Let's say I have a collection with documents that looks like this (just simplified example, but it should show the scheme):
> db.data.find()
{ "_id" : ObjectId("4e9c1f27aa3dd60ee98282cf"), "type" : "A", "value" : 11 }
{ "_id" : ObjectId("4e9c1f33aa3dd60ee98282d0"), "type" : "A", "value" : 58 }
{ "_id" : ObjectId("4e9c1f40aa3dd60ee98282d1"), "type" : "B", "value" : 37 }
{ "_id" : ObjectId("4e9c1f50aa3dd60ee98282d2"), "type" : "B", "value" : 1 }
{ "_id" : ObjectId("4e9c1f56aa3dd60ee98282d3"), "type" : "A", "value" : 85 }
{ "_id" : ObjectId("4e9c1f5daa3dd60ee98282d4"), "type" : "B", "value" : 12 }
Now I need to collect some statistics on that collection. For example:
db.data.mapReduce(function(){
emit(this.type,this.value);
},function(key,values){
var total = 0;
for(i in values) {total+=values[i]};
return total;
},
{out:'stat'})
will collect totals in 'stat' collection.
> db.stat.find()
{ "_id" : "A", "value" : 154 }
{ "_id" : "B", "value" : 50 }
At this point everything is perfect, but I've stuck on the next move:
'data' collection is constantly updated with new data (old documents stays unchanged, only inserts, no updates)
I would like to periodically update 'stat' collection, but do not want to query the whole 'data' collection every time, so I choose to run incremental mapReduce
It may seems good to just update 'stat' collection on every insert in 'data' collection and do no use mapReduce, but the real case is more complex than this example and I would like to get statistics only on demand.
To do this I should be able to query only documents, that was added after my last mapReduce
As far as I understand I cannot rely on ObjectId property, just store the last one and later select every document with ObjectId > stored because ObjectId is not equal autoincrement ids in SQL databases (for example different shards will produce different ObjectIds).
I can change ObjectId generator, but not sure how to do it better in sharded environment
So the question is:
Is it any way to select only documents, added after the last mapReduce to run incremental mapReduce or may be there is another strategy to update statistic data on constantly growing collection?
You can cache the time and use it as a barrier for your next incremental map-reduce.
We're testing this at work and it seems to be working.

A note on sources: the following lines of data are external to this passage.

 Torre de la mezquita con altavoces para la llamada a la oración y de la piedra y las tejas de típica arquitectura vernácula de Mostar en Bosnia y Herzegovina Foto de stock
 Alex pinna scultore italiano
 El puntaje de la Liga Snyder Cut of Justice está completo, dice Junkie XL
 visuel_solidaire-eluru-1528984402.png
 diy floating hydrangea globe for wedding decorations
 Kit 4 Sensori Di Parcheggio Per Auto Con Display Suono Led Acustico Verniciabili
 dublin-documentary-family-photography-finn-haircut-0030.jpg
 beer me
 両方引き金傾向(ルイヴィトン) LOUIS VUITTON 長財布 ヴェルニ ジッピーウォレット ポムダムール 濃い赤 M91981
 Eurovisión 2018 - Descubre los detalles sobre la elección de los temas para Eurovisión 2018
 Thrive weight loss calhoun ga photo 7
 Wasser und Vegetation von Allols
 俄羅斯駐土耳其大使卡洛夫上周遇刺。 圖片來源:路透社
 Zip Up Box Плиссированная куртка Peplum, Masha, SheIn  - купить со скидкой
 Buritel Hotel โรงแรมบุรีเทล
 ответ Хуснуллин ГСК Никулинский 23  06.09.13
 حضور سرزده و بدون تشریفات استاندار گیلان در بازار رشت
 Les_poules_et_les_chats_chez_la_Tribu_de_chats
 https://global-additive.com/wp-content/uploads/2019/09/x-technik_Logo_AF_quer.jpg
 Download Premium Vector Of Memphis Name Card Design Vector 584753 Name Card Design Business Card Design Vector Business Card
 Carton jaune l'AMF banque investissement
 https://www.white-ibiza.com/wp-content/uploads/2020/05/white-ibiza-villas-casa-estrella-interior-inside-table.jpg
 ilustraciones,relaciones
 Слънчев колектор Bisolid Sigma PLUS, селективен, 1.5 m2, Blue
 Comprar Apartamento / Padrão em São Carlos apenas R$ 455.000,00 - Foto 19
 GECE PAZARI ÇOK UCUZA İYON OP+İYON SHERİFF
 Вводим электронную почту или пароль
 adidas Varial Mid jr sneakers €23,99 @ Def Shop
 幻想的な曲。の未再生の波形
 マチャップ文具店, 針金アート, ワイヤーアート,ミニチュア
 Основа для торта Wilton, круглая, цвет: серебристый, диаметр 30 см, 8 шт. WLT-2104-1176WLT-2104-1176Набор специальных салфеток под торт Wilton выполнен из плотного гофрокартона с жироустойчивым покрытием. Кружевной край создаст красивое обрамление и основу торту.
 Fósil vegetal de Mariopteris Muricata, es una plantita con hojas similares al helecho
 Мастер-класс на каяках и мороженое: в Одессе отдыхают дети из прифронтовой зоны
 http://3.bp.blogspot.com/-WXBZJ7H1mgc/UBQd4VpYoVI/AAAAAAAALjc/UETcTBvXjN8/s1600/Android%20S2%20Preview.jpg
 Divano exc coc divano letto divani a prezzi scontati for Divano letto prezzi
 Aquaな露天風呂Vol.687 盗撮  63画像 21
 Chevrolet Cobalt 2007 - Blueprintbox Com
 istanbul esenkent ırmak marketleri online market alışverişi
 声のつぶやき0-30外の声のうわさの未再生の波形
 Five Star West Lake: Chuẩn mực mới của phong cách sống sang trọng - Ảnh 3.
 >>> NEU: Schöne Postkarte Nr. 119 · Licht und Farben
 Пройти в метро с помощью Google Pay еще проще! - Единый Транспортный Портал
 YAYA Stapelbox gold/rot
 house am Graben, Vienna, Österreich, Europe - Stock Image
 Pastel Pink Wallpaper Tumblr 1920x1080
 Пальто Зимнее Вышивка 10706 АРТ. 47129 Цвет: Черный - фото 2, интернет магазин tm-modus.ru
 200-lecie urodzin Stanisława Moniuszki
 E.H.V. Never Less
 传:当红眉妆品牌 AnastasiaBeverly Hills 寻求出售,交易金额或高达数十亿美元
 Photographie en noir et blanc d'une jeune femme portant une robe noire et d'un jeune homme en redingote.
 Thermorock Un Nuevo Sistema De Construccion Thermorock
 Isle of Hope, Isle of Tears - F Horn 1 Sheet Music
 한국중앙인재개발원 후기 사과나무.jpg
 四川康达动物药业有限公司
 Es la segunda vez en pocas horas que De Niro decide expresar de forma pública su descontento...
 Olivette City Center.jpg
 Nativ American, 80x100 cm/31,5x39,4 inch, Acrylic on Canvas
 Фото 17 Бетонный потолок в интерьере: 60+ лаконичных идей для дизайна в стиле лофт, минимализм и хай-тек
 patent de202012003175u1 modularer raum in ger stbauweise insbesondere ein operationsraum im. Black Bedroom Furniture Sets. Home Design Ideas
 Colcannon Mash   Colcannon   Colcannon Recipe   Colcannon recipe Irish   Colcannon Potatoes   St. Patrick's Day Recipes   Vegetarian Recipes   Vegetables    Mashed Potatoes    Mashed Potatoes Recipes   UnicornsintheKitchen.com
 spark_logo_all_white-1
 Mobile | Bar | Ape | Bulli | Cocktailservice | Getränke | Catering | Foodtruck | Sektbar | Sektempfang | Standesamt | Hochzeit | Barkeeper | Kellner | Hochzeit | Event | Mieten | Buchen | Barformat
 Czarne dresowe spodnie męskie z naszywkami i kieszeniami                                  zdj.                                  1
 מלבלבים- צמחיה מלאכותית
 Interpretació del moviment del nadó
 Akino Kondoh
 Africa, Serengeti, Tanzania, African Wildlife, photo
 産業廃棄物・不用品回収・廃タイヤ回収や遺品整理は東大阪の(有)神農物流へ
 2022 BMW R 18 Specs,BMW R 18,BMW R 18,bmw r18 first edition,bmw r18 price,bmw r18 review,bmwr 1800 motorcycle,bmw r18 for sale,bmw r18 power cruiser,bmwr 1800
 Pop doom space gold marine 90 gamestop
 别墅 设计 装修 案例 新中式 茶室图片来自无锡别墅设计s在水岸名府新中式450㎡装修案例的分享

Correct me if I'm wrong, but you can't safely do map-reduce while an insert is happening across shards. The versions become inconsistent and your map-reduce operation will fail. (If you find a solution to this, please do let me know! :)
We use bulk-inserts instead, once every 5 minutes. Once all the bulk inserts are done, we run the map-reduce like this (in Python):
m = Code(<map function>)
r = Code(<reduce function>)
# pseudo code
end = last_time + 5 minutes
# Use time and optionally any other keys you need here
q = bson.SON([("date" : {"$gte" : last_time, "$lt" : end})])
collection.map_reduce(m, r, out=out={"reduce": <output_collection>}, query=q)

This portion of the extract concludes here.